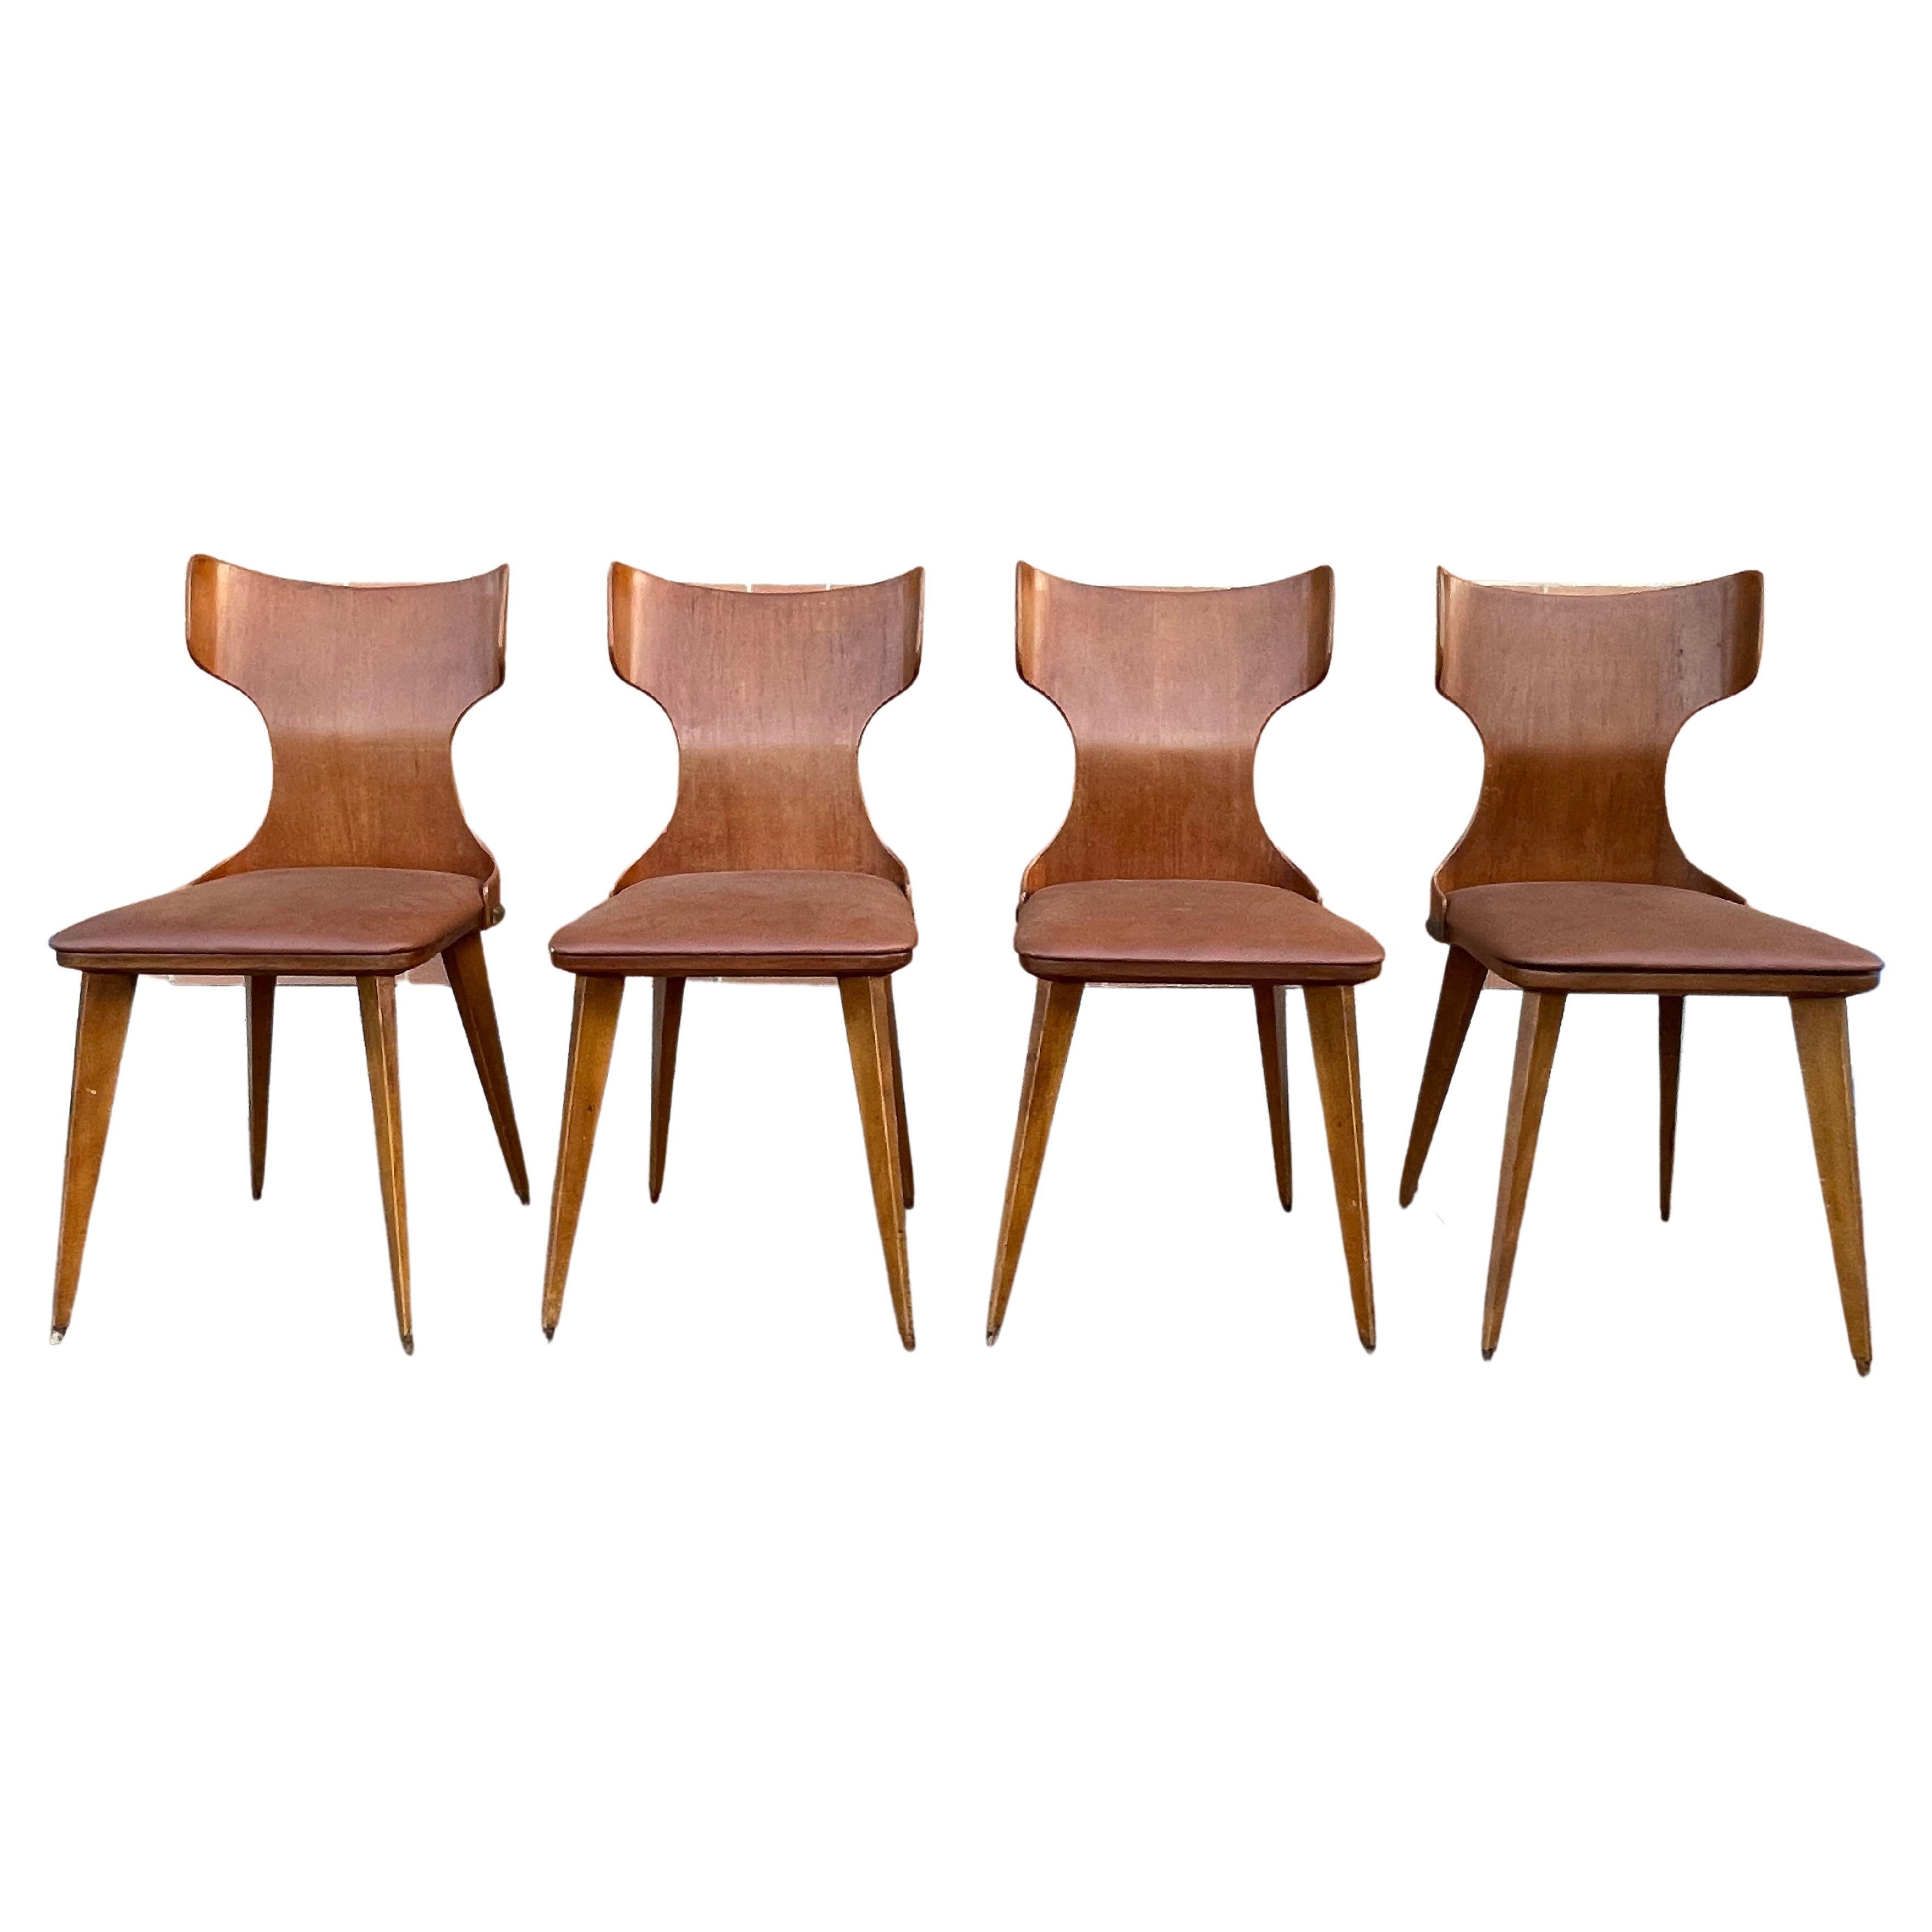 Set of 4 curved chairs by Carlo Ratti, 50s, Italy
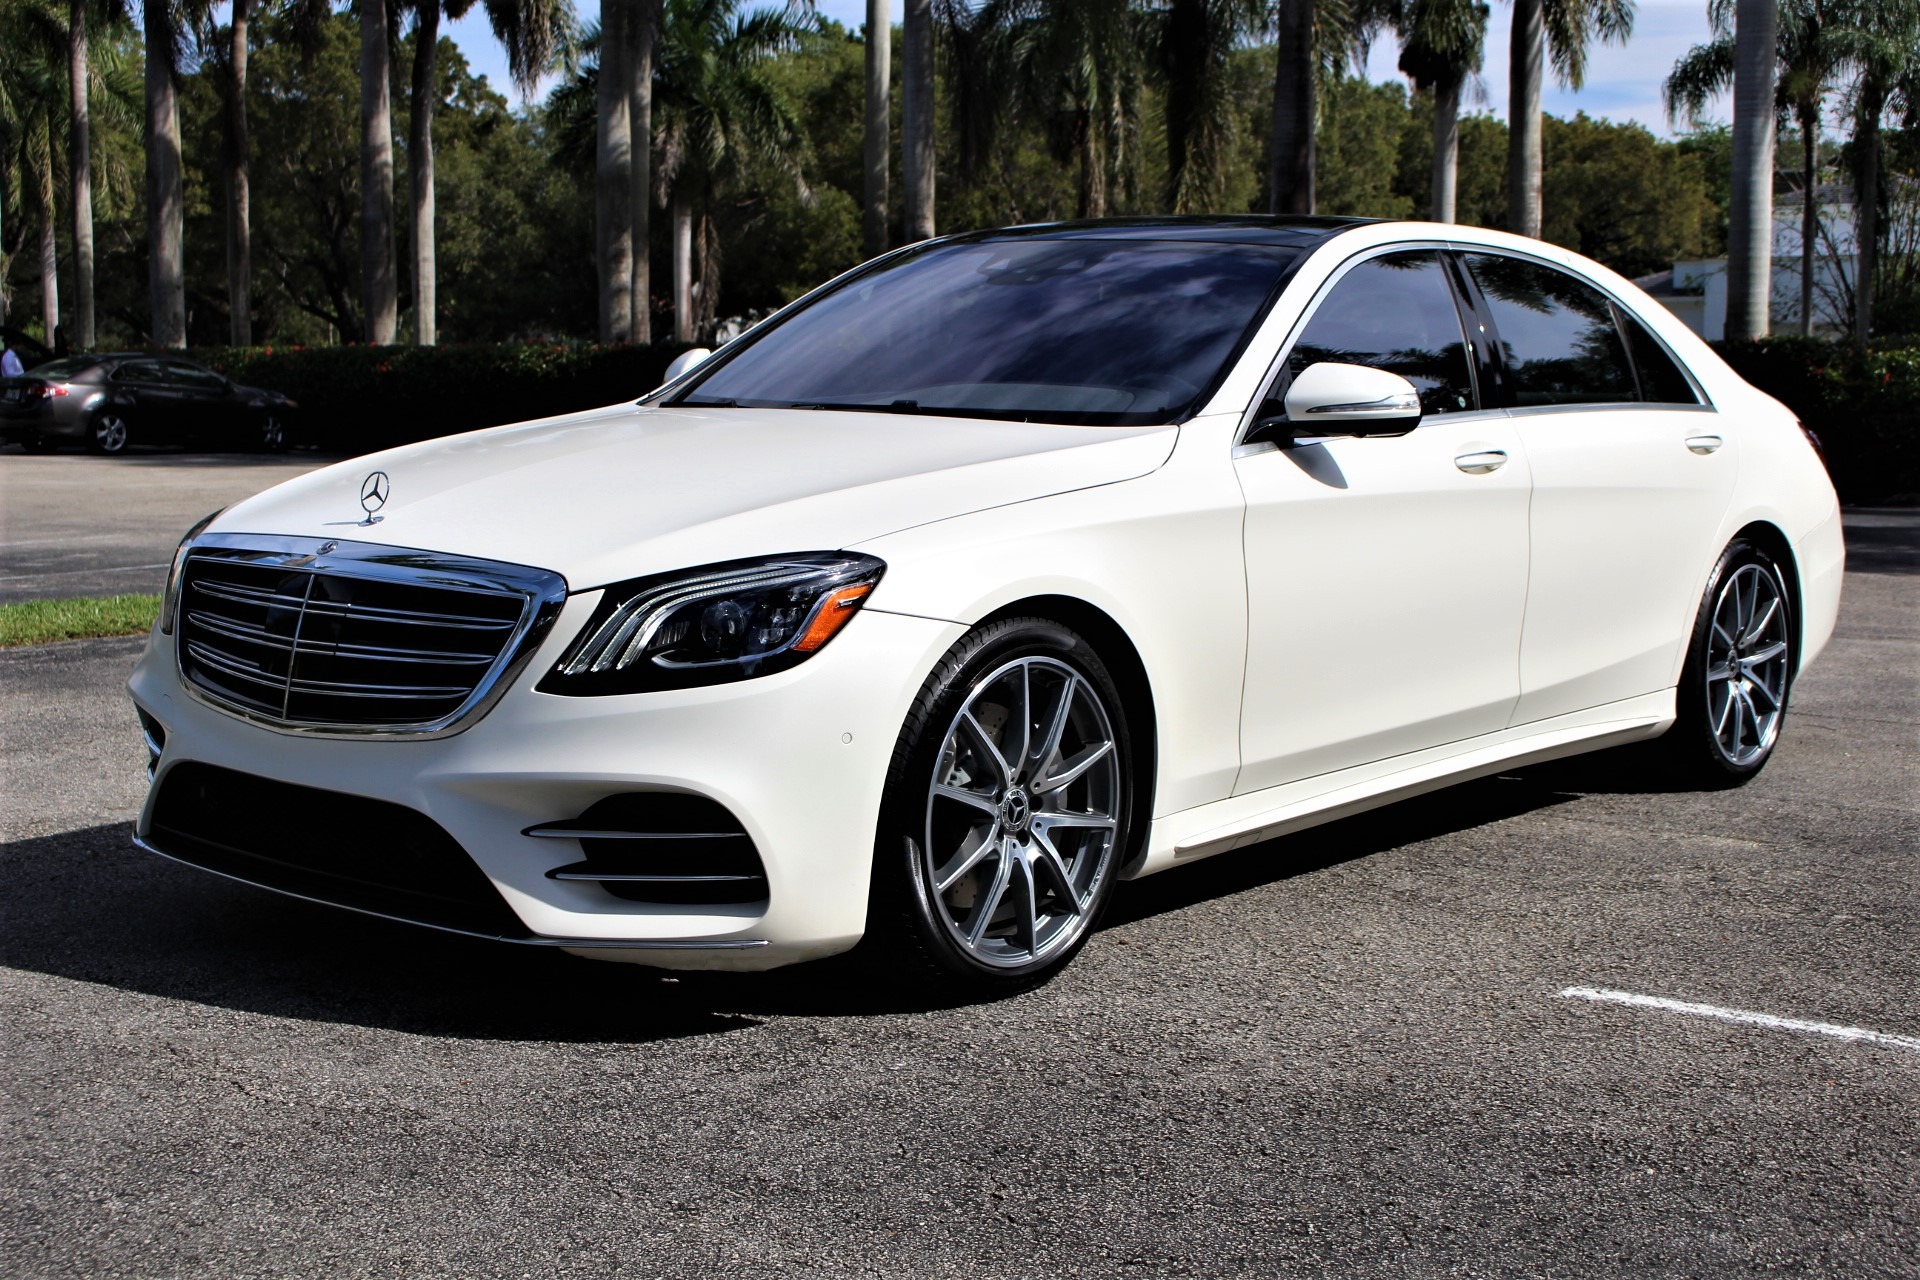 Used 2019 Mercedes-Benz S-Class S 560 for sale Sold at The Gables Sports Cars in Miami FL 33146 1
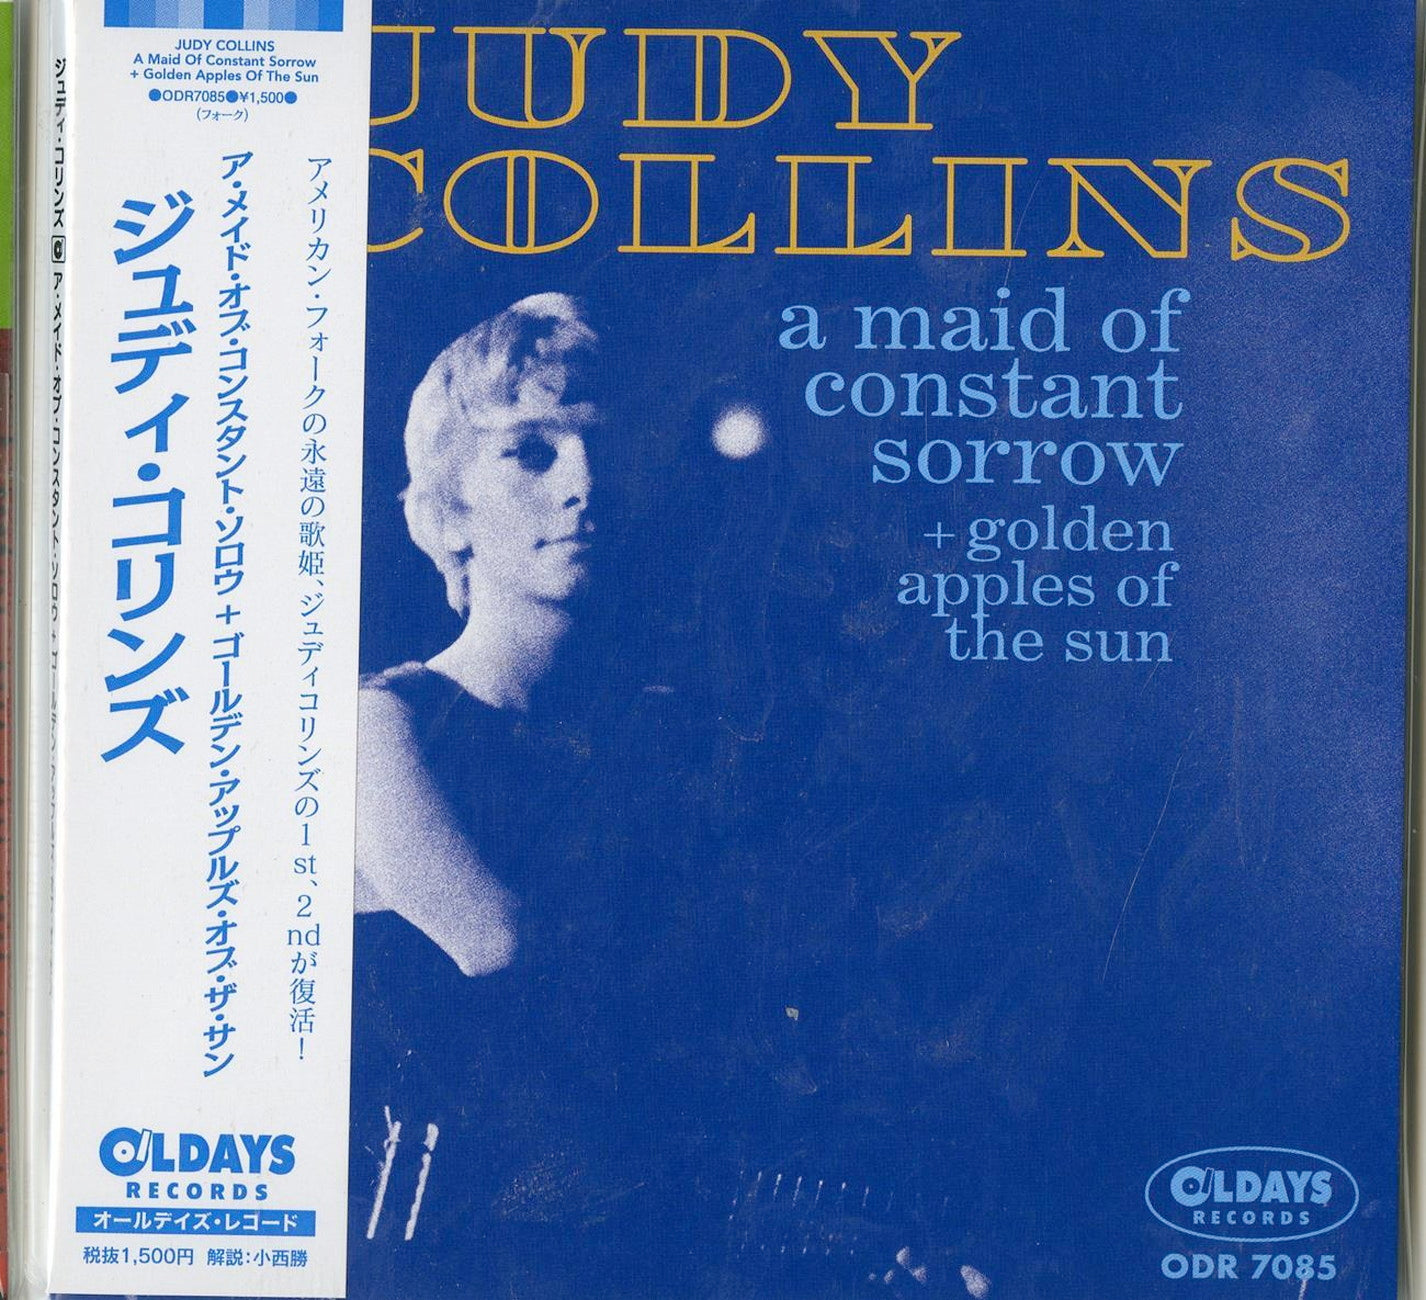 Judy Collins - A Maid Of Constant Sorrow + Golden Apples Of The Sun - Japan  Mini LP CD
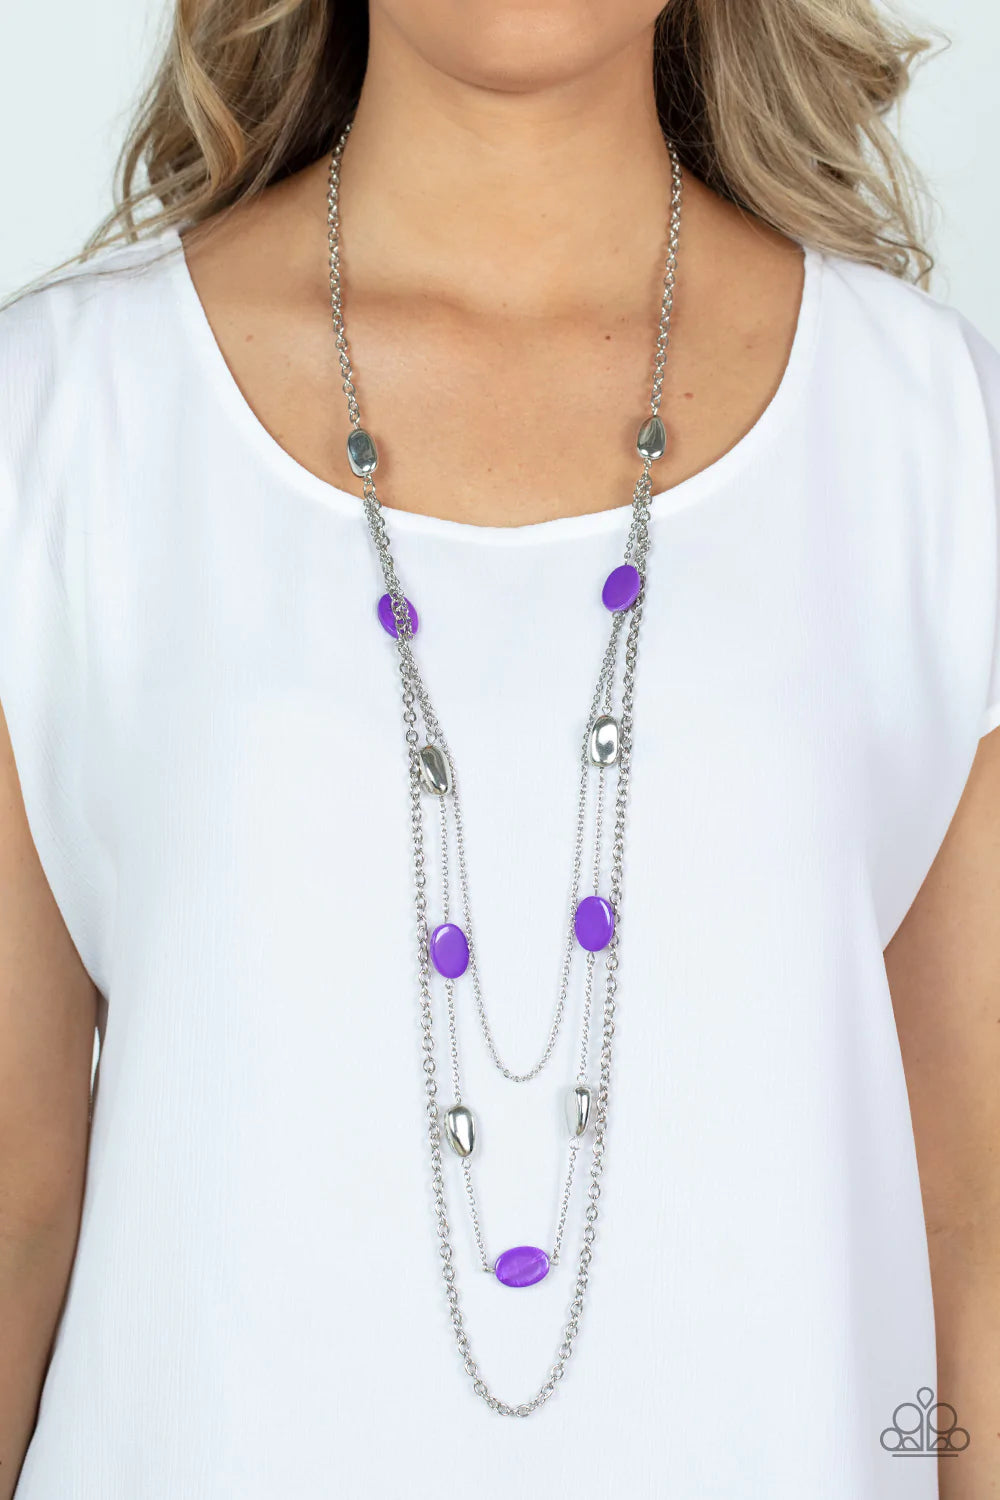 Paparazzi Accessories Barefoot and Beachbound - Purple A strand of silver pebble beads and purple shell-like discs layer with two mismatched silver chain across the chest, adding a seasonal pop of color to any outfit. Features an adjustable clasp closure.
= = = =
# THE TASK
Go through the data above and print exactly the lines from its first line through the line holding "Judy Collins - A", both included, leaving pictures aside.

# SOLUTION BELOW
 Set of 4 curved chairs by Carlo Ratti, 50s, Italy
 Used 2019 Mercedes-Benz S-Class S 560 for sale Sold at The Gables Sports Cars in Miami FL 33146 1
 Judy Collins - A Maid Of Constant Sorrow + Golden Apples Of The Sun - Japan  Mini LP CD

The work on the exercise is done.